In an interview with the Monetary Instances late on Tuesday after the submitting was submitted, Sheffield mentioned: “They couldn’t discover something mistaken with the merger — as a result of the merger solely represents 11 per cent of the oil within the Permian Basin — so that they scapegoated me.”
The bombshell determination by the FTC has been broadly criticised by the trade, with many dismissing what they see as an unfair and misdirected assault on one of many sector’s longest-standing leaders and most vocal advocates. Amid a wave of M&A exercise, it has additionally sparked concern over how communications unearthed in antitrust probes might be scrutinised, and fanned fears of a broader trade crackdown forward of November’s presidential election.
In its grievance earlier this month the FTC cited communications between Sheffield and different trade leaders, in addition to public feedback made by the oil boss, to say that he had tried to collude with the Opec cartel and different home producers to curtail manufacturing and prop up costs.

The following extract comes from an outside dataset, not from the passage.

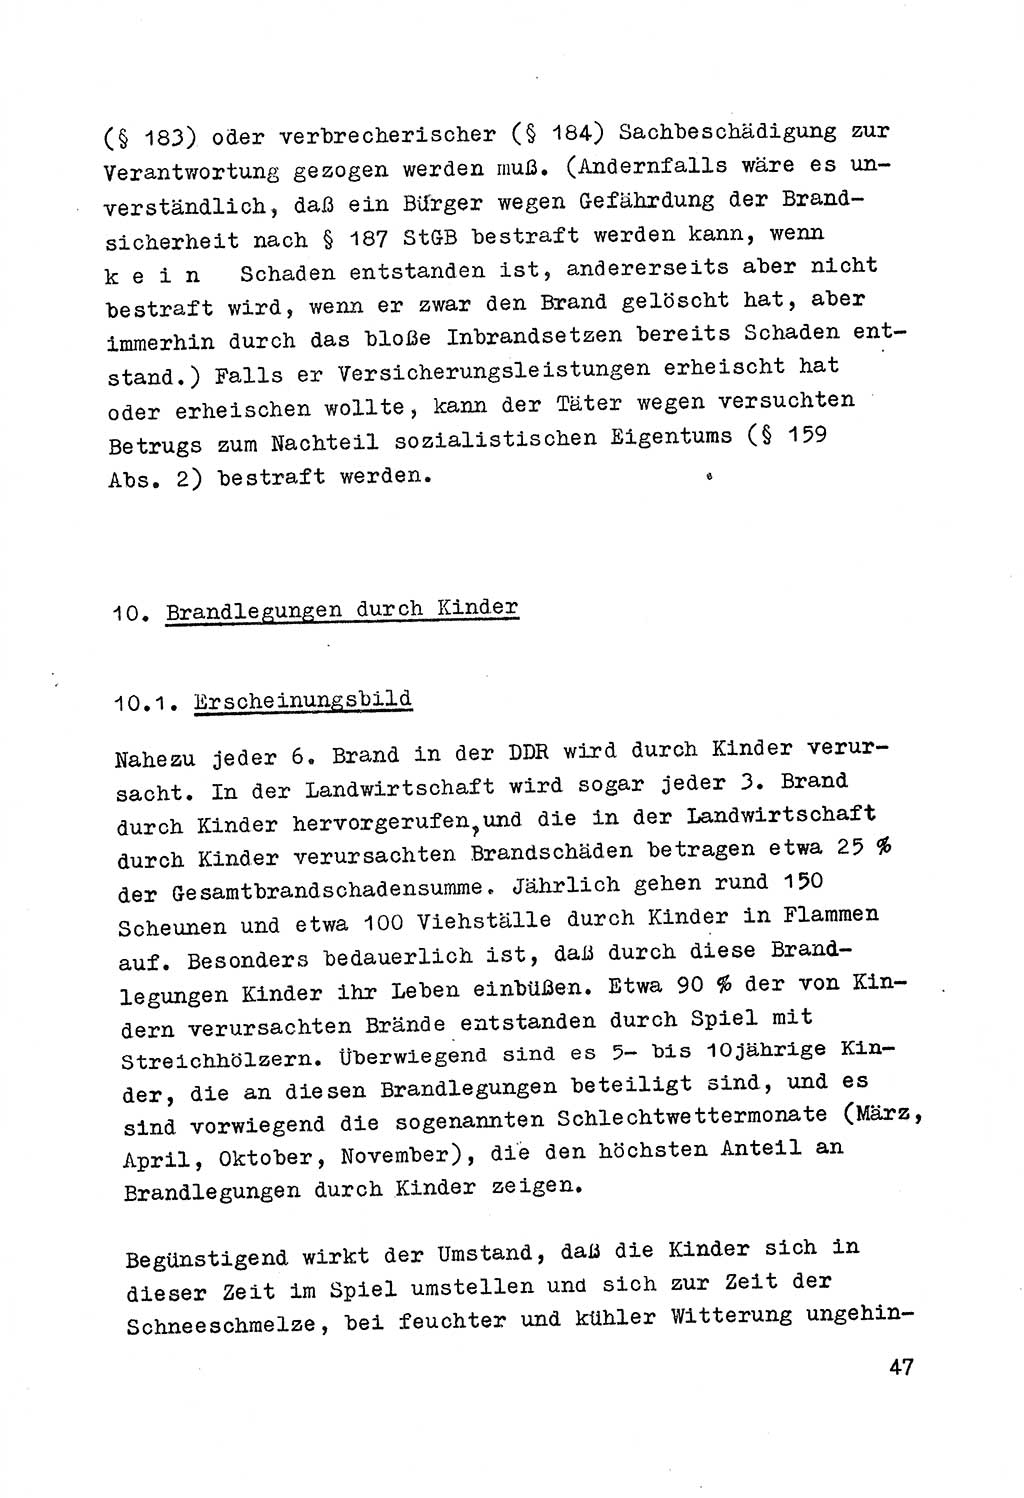 Strafrecht der DDR (Deutsche Demokratische Republik), Besonderer Teil, Lehrmaterial, Heft 7 1970, Seite 47 (Strafr. DDR BT Lehrmat. H. 7 1970, S. 47)

The allegations centred round Sheffield’s feedback in the course of the Covid-19 pushed crash in crude costs of 2020 when he referred to as for decrease manufacturing to stabilise costs and urged the Texas oil regulator to cap output.
Sheffield’s attorneys asserted the FTC mischaracterised his communications to help its “unprecedented and ludicrous concept” of collusion. They added that the concept his presence on the Exxon board would curb competitors available in the market was “meritless”.
“In straining to discover a motive to criticise the merger of Exxon and Pioneer, the FTC stepped nicely past its correct mandate and unjustly smeared Mr Sheffield,” they wrote.
“The FTC stands by our allegations,” the regulator mentioned on Tuesday. “There isn’t any query that Mr Sheffield publicly urged Texas oil producers to restrict manufacturing, all whereas having common, non-public back-and-forth communications with senior Opec representatives over a interval of years.”
Sheffield’s attorneys additionally hit out at Exxon, which they mentioned had “readily agreed, with none admission of legal responsibility or findings of truth, to a proposed consent order that will hold Mr Sheffield off its board and permit the transaction to shut”.
Exxon declined to remark. In a press release following the FTC announcement, the corporate mentioned Sheffield’s alleged conduct was “completely inconsistent with how we do enterprise”.